▶ Input data:

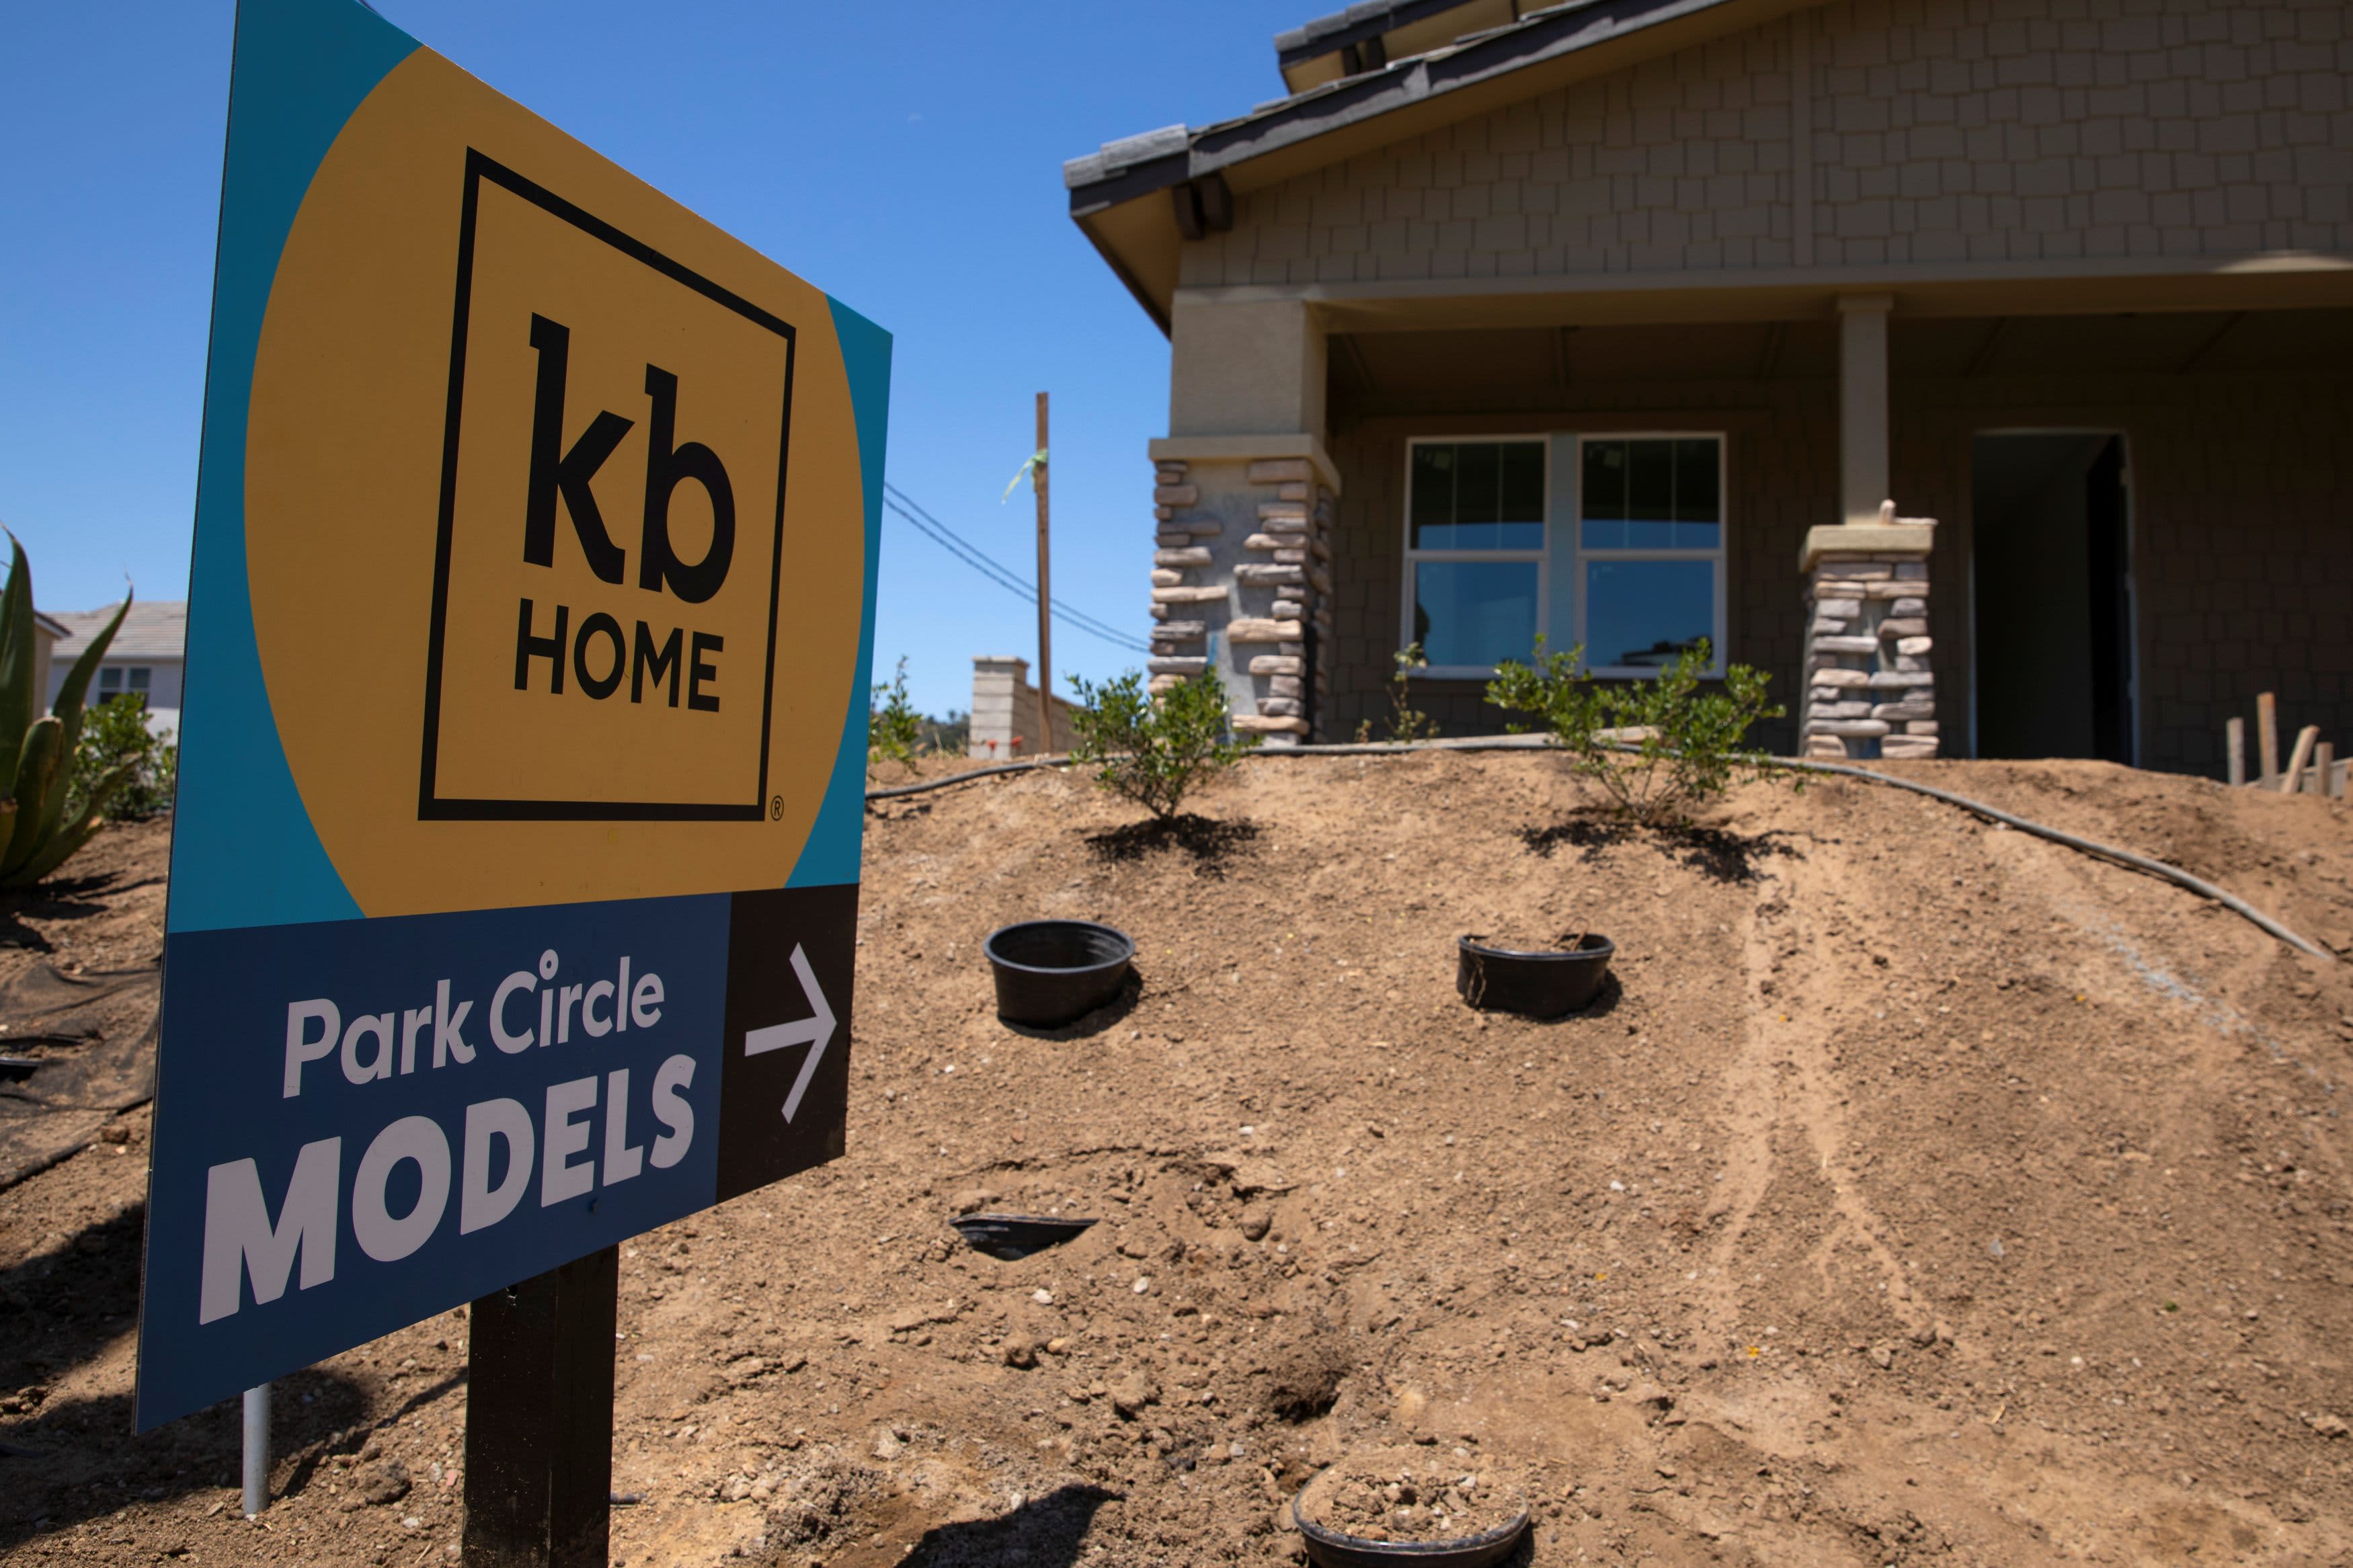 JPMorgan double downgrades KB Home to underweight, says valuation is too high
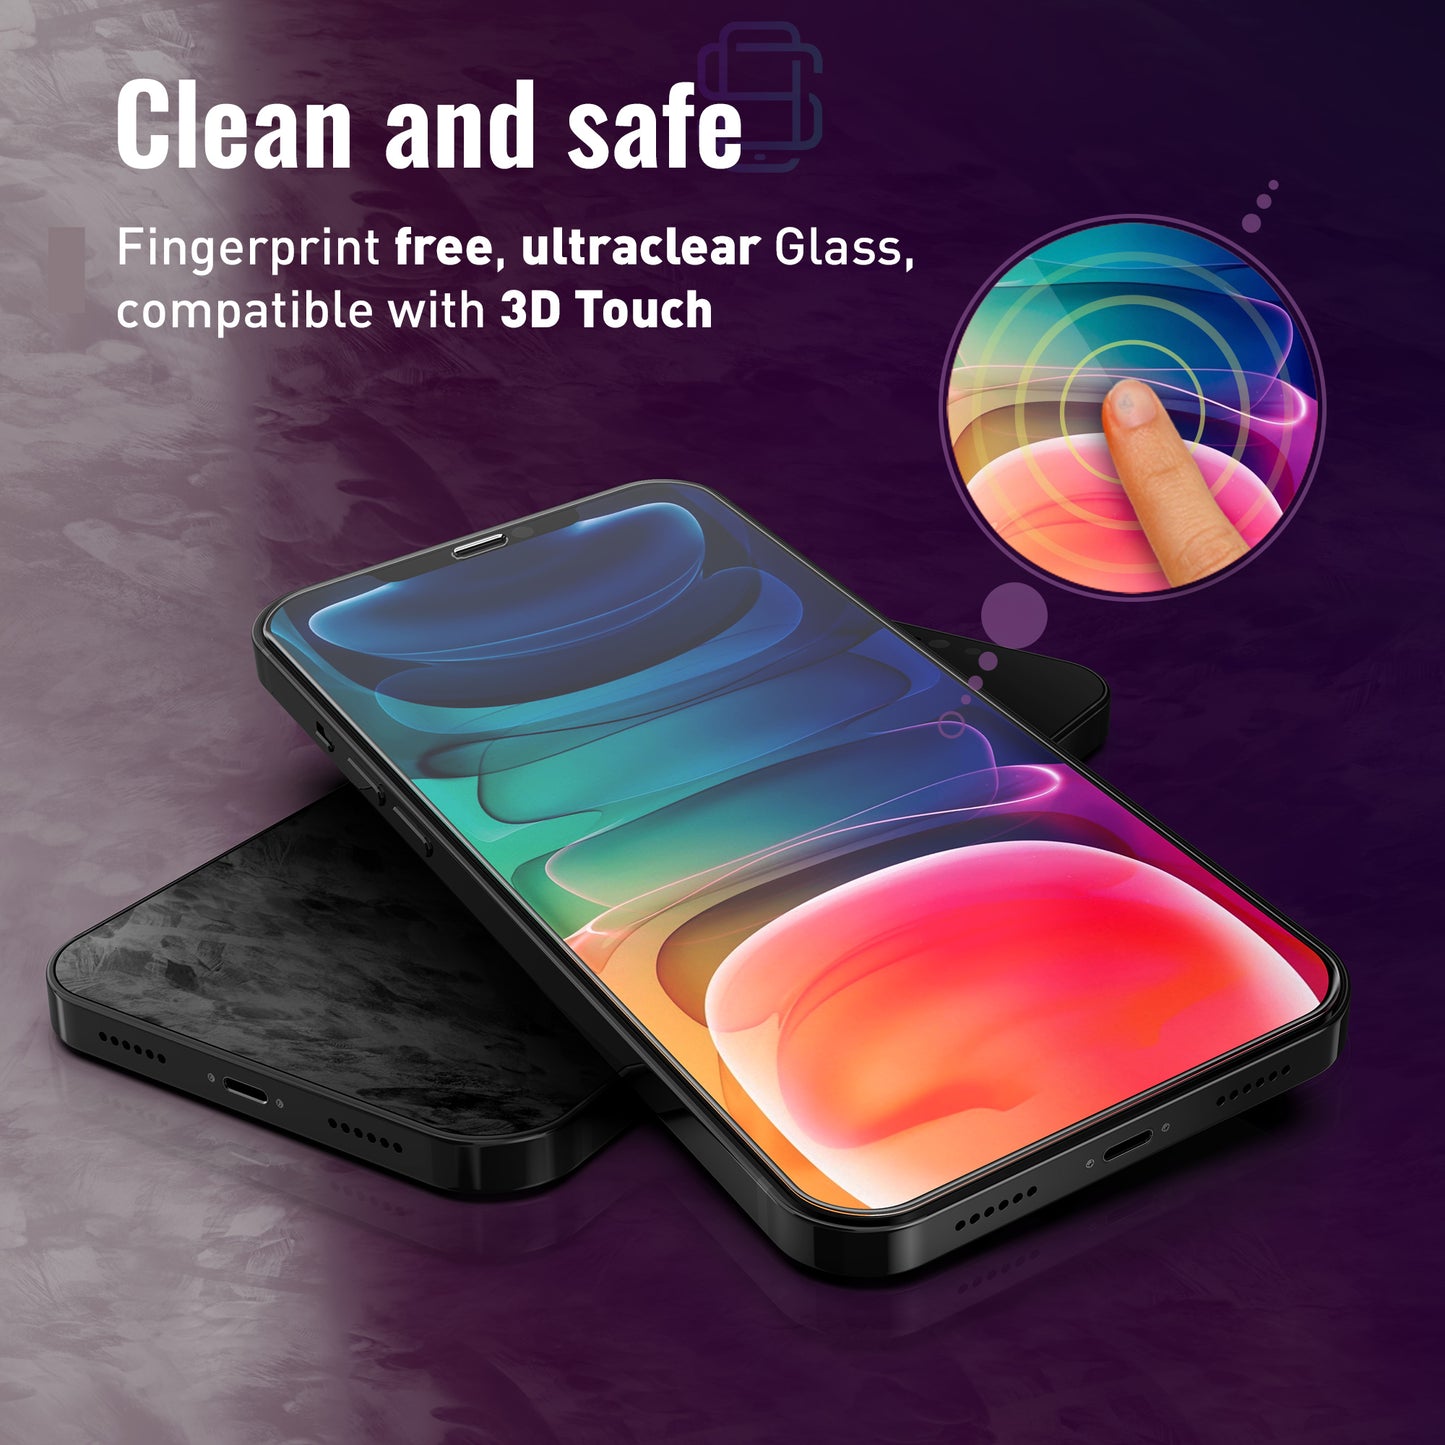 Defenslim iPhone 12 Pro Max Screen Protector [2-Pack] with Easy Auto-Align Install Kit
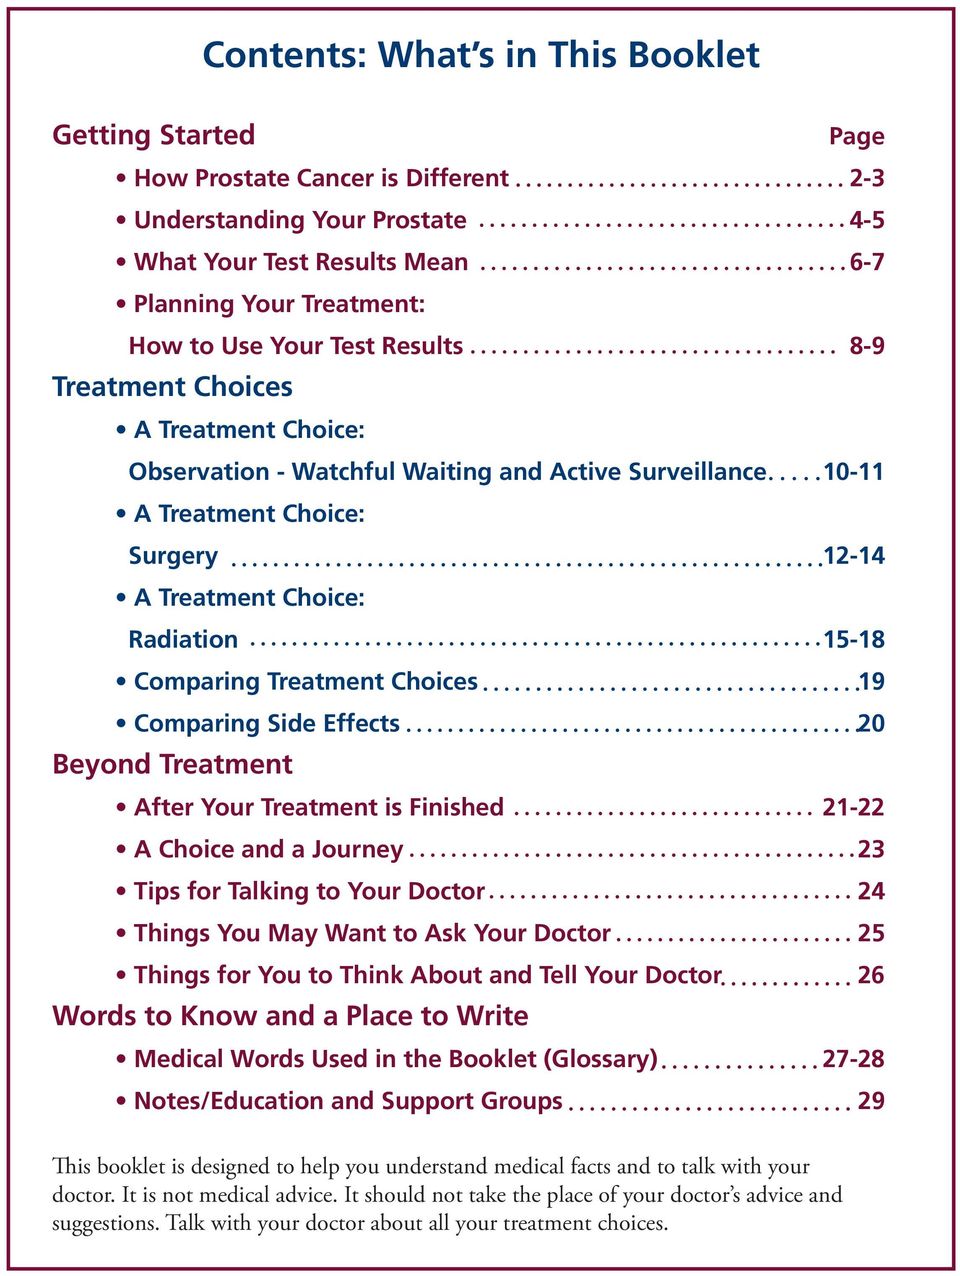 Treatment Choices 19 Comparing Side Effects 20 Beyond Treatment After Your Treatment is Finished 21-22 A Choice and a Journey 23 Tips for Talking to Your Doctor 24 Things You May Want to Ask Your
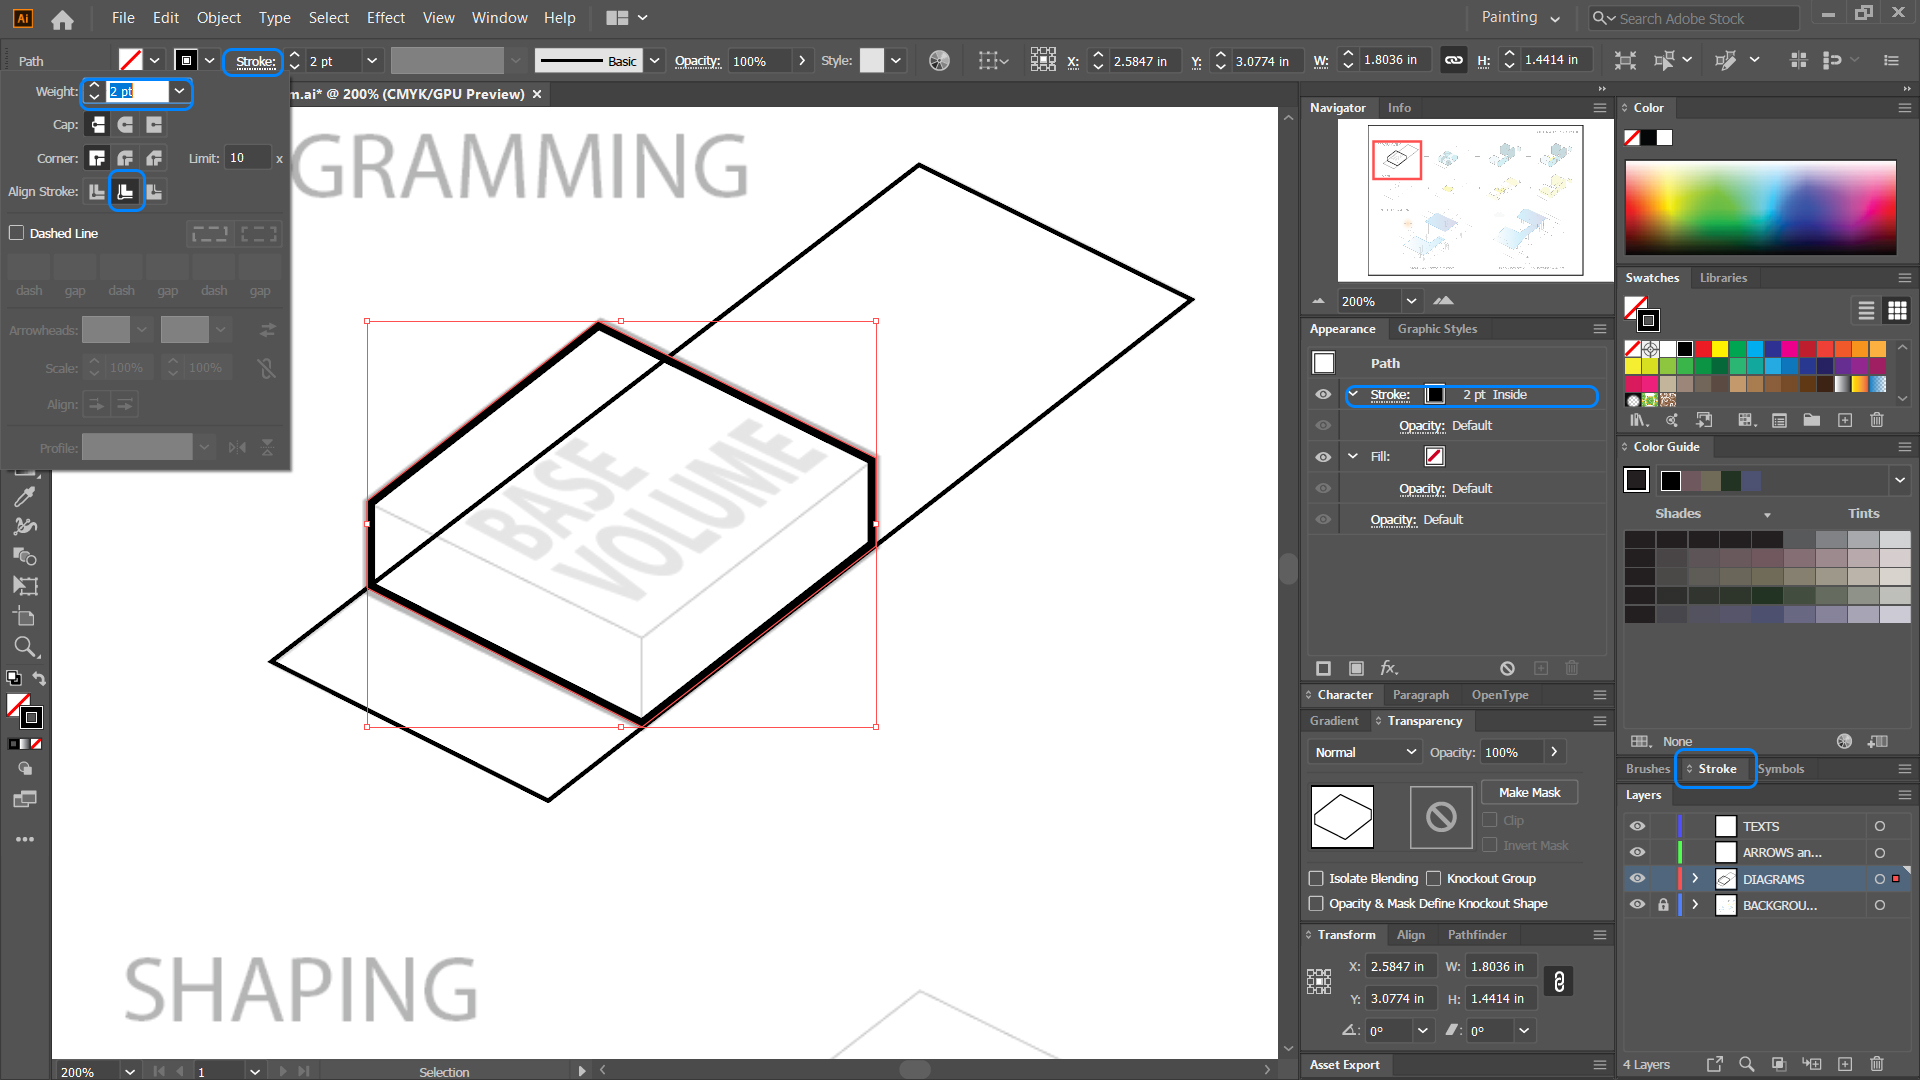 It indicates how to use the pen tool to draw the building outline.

▶ Exercise directions: Copy exactly, and copy only, the lines from the one bearing "Treatment Choices 19" through the closing line of the material, with both ends kept and pictures removed.

▶ Output:
 Treatment Choices 19 Comparing Side Effects 20 Beyond Treatment After Your Treatment is Finished 21-22 A Choice and a Journey 23 Tips for Talking to Your Doctor 24 Things You May Want to Ask Your
 It indicates how to use the pen tool to draw the building outline.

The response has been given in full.